Full-length amino acid sequences were aligned using ClustalX 2.0.10 (Larkin et al., 2007). Phylograms were constructed from aligned sequences using the protein maximum likelihood (proml) program in PHYLIP (PHYlogeny Inference Package version 3.69; Felsenstein, 1989) and drawn with Dendroscope (Huson et al., 2007; see Supporting Information, Table S1, for sequences used in construction of the phylogenetic tree).
Gene expression analysis
RNA was isolated from ovules and developing seed using the RNAqueous-4PCR kit (Ambion) and DNase-treated according to the manufacturer’s instructions. Synthesis of cDNA was performed with a SuperScript III first-strand synthesis system (Invitrogen) using 2 μg of total RNA and oligo(dT) primers. The cDNA was diluted 1 : 25 for quantitative real-time polymerase chain reactions (qPCR). All qPCR reactions were prepared using a CAS1200 robot (Qiagen) and run on a Rotor-Gene Q (Qiagen). Primers were designed using Primer3 (Rozen & Skaletsky, 2000; http://frodo.wi.mit.edu/primer3) and used to amplify specific oleosins. The legumin and vicilin primers targeted a conserved region common to all members of the respective families and thus have the potential to amplify any of the members within these gene families (Table S2 for primer sequences). Reactions were performed in triplicate (15 μl sample volume) using Platinum Taq PCR polymerase and 2 μM SYTO9 fluorescent dye (Invitrogen). PCR cycling conditions were 94°C for 2 min, followed by 40 cycles of 94°C for 15 s, 60°C for 30 s and 72°C for 30 s.

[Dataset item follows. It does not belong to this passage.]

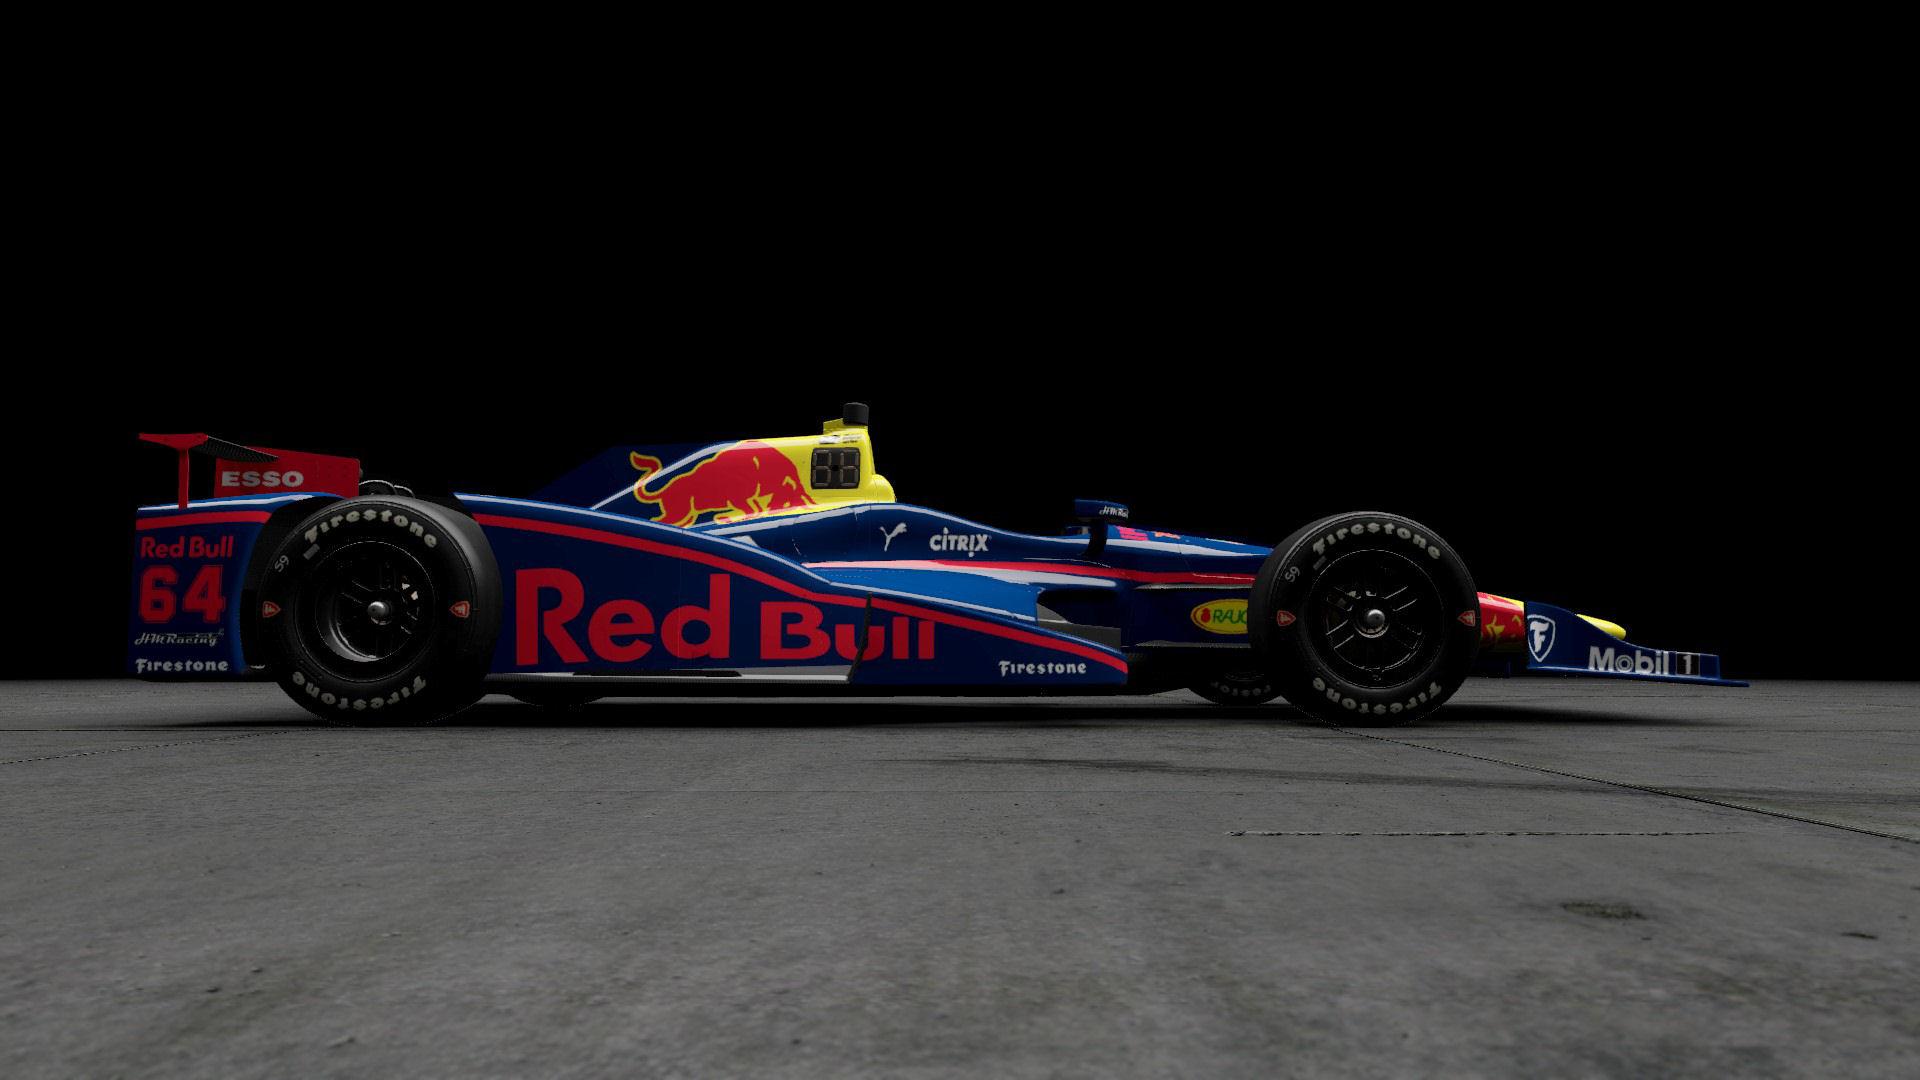 Red Bull dallara dw12 Honda oval 02.jpg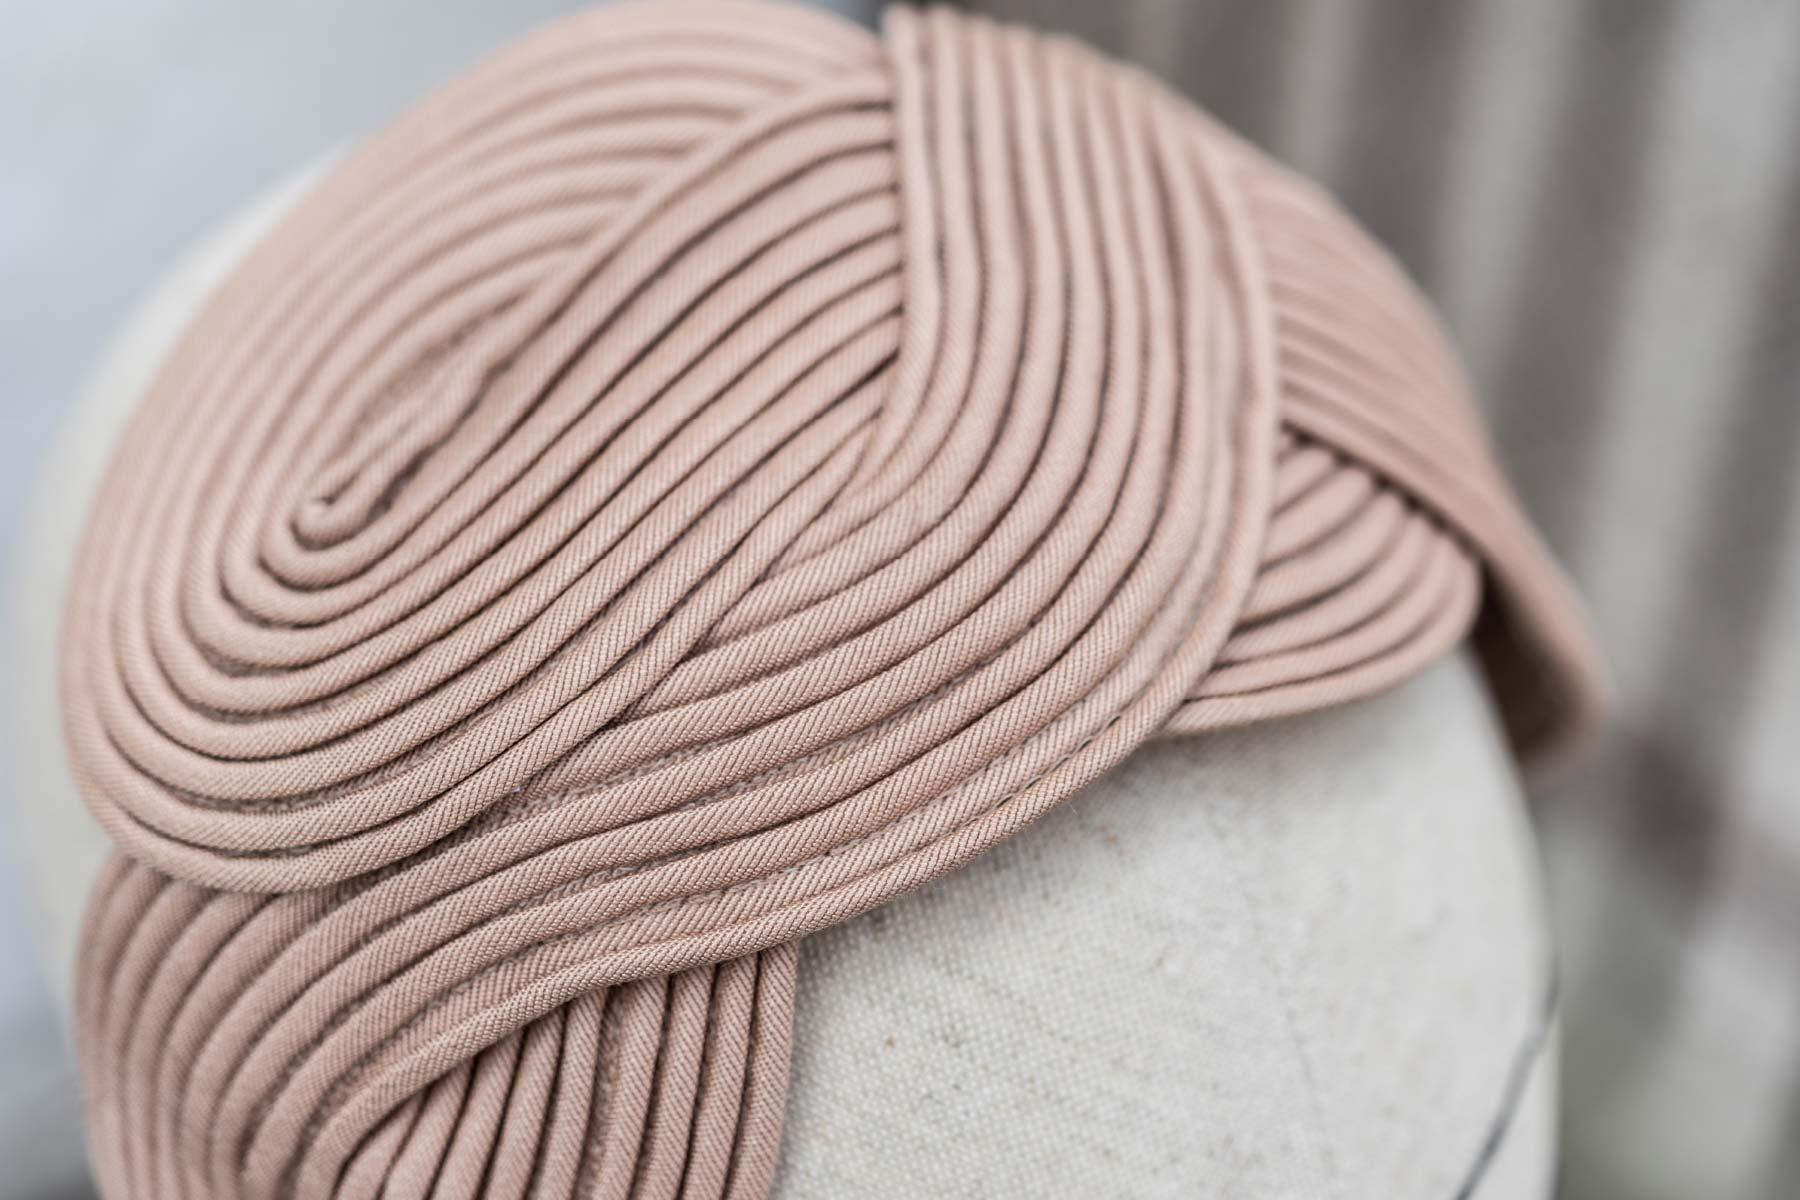 Veronica Innocenzi Acapo Headpiece Waves all over viscose cotton fabric

Disassociation analysis was performed in each run to verify the amplification of a specific product. Gene expression was normalized to the expression of glyceraldehyde 3-phosphate dehydrogenase. PCR efficiency of each run was calculated using the LinRegPCR program (linregpcr.nl; Ramakers et al., 2003). Relative expression was calculated using the Pfaffl method (Pfaffl, 2001). Results shown are means ± SE of three biological repeats.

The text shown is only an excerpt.